Other phrases that tend to land well:
- “I can see this is really stressing you out.” This validates their emotional experience without commenting on the medical question.
- “That sounds really scary to feel.” You’re acknowledging the fear, not the diagnosis. There’s a big difference.
- “What would help you feel more comfortable right now?” This shifts the conversation from the illness fear to coping, and gives the person some agency.
- “I care about you, and I don’t want to say something that makes this harder.” Honesty about your own limitations is more supportive than forced reassurance.
Notice that none of these responses involve telling the person whether they are or aren’t sick. That’s deliberate. You are not their doctor, and even their doctor’s reassurance tends to wear off quickly with this condition. Your role is to be a steady, non-judgmental presence.
The Fine Line Between Support and Accommodation
There’s an important distinction between emotional support and what therapists call “accommodation,” which means adjusting your behavior to help the person avoid their anxiety. Driving someone to urgent care every time they feel a new sensation, spending an hour each evening reviewing their symptoms, or constantly agreeing to “just check one more thing” feels supportive in the moment. But it feeds the reassurance cycle and can delay recovery.
When families participate in cognitive behavioral therapy for anxiety, therapists help them recognize this paradox: the more you accommodate the anxiety, the stronger it gets. The alternative isn’t coldness. It’s redirecting. Instead of engaging with the content of the health fear, you gently point toward the anxiety itself and the coping tools the person is developing, whether through therapy or on their own.
Setting boundaries around accommodation is healthy for both of you. You might decide, for example, that you’re willing to listen when the person shares how they’re feeling, but you won’t participate in symptom-checking rituals or repeated conversations that cover the same medical ground. Being clear about this, kindly and in a calm moment rather than during a crisis, protects the relationship from resentment on both sides.
Protecting Your Own Well-Being
Living with or caring about someone who has health anxiety is genuinely exhausting. The repeated cycle of fear, reassurance, and temporary calm takes a toll on you, too. It’s normal to feel frustrated, helpless, or drained.

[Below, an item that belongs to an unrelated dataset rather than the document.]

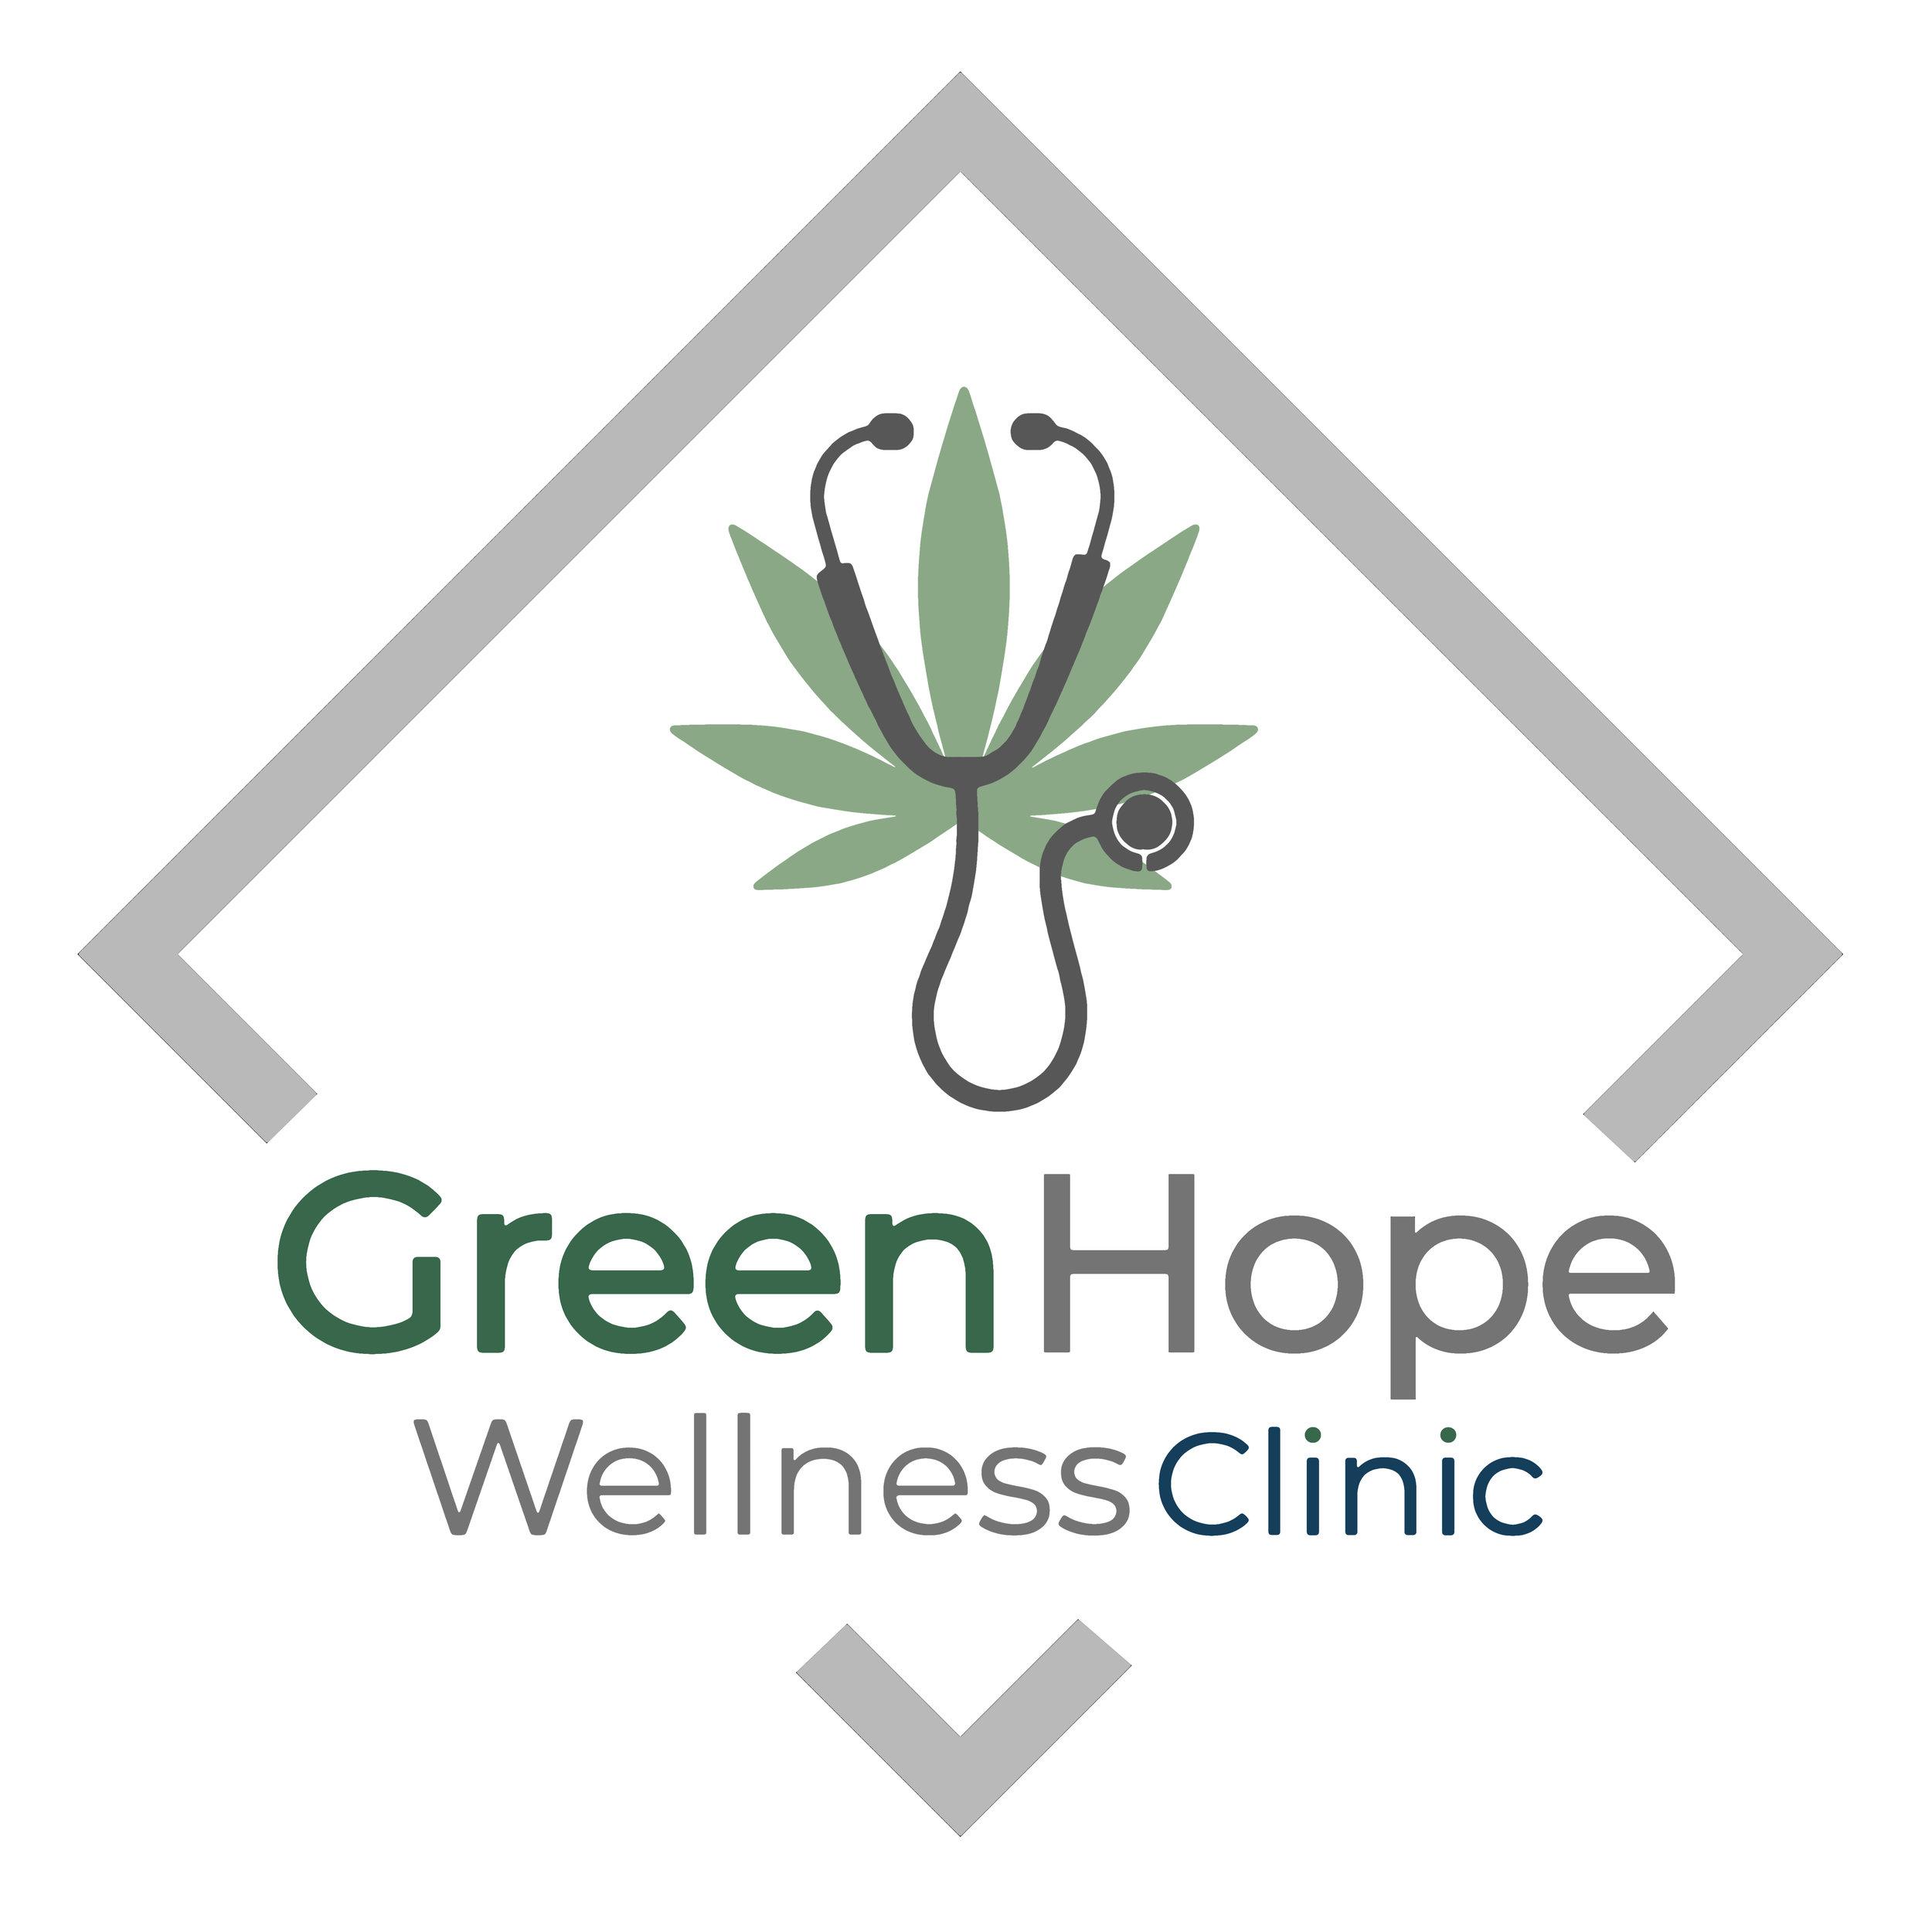 Green Hope-logo-3.jpg

Recognizing where your responsibility ends is not selfish. You are responsible for how you respond, not for fixing the other person’s anxiety. Trying to control someone else’s emotions or thought patterns creates stress for you and doesn’t actually help them. If you find yourself dreading conversations, walking on eggshells, or feeling like you can never say the right thing, those are signs that your own boundaries need attention.

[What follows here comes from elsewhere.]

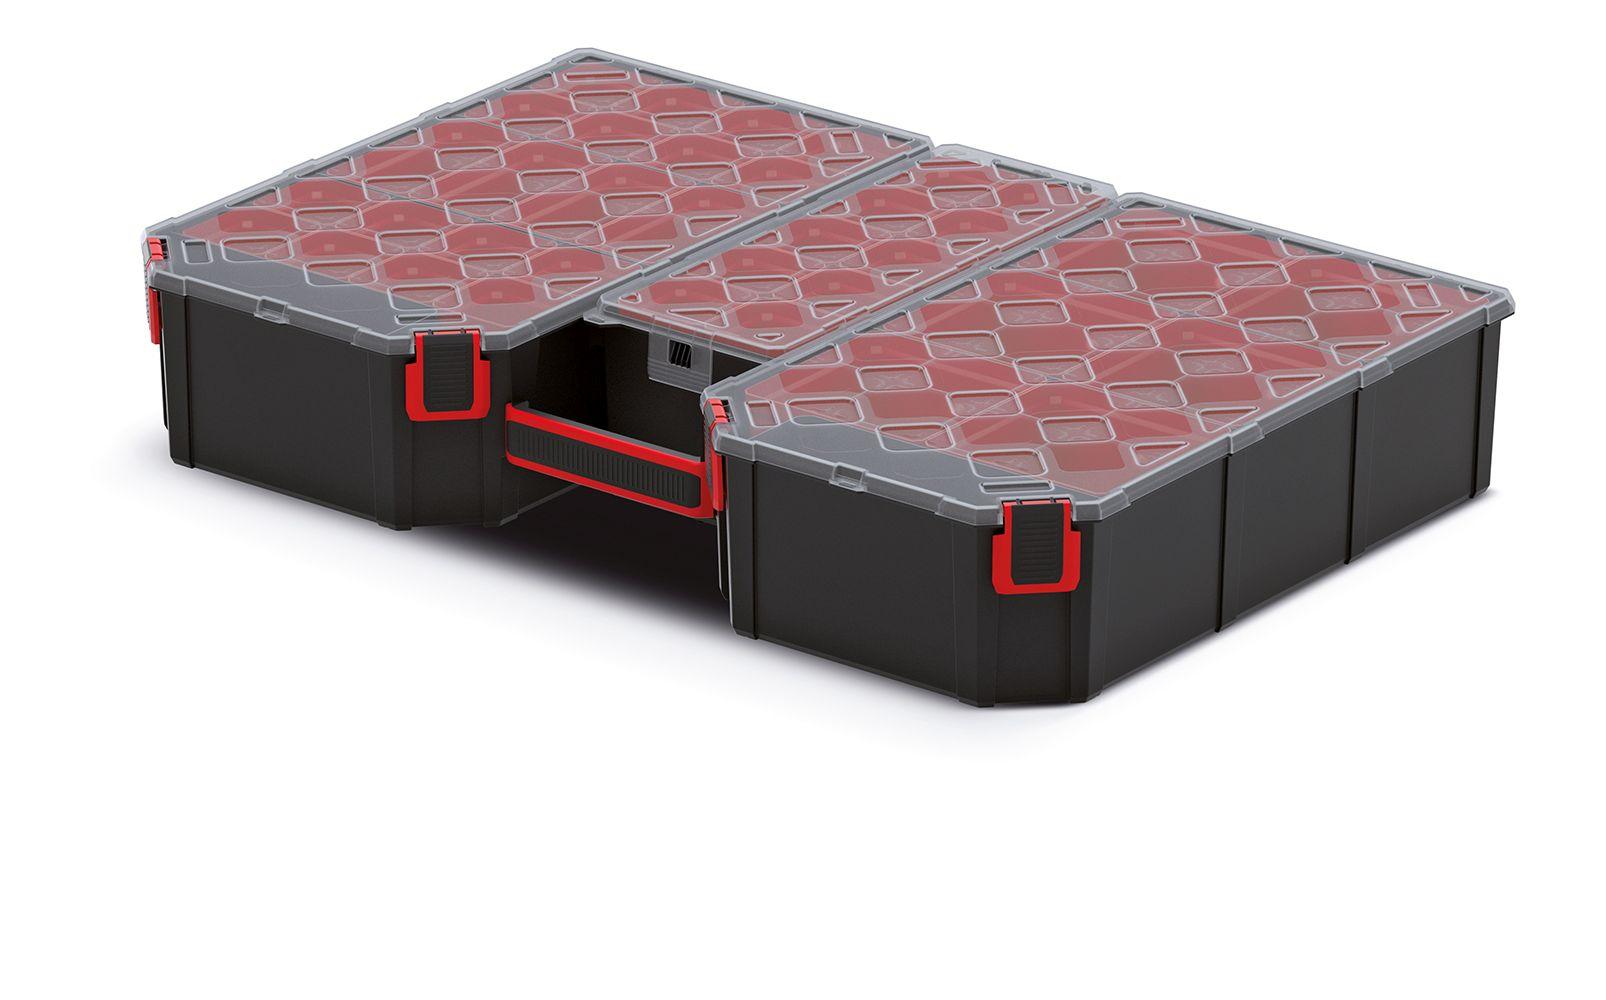 PROSPERPLAST Organizér vysoký TAGER 577x390x105 (krabičky)

Having a plan for how you’ll respond during difficult moments helps. That might mean having a go-to phrase ready (“I love you, and I think this is the anxiety talking”), or agreeing with the person in advance on what supportive responses look like so you’re not improvising during high-anxiety moments. If the person is in therapy, asking whether you can join a session to learn how to best support them is one of the most concrete things you can do. Therapists working with health anxiety patients often welcome the chance to coach family members on responses that encourage progress rather than reinforce the cycle.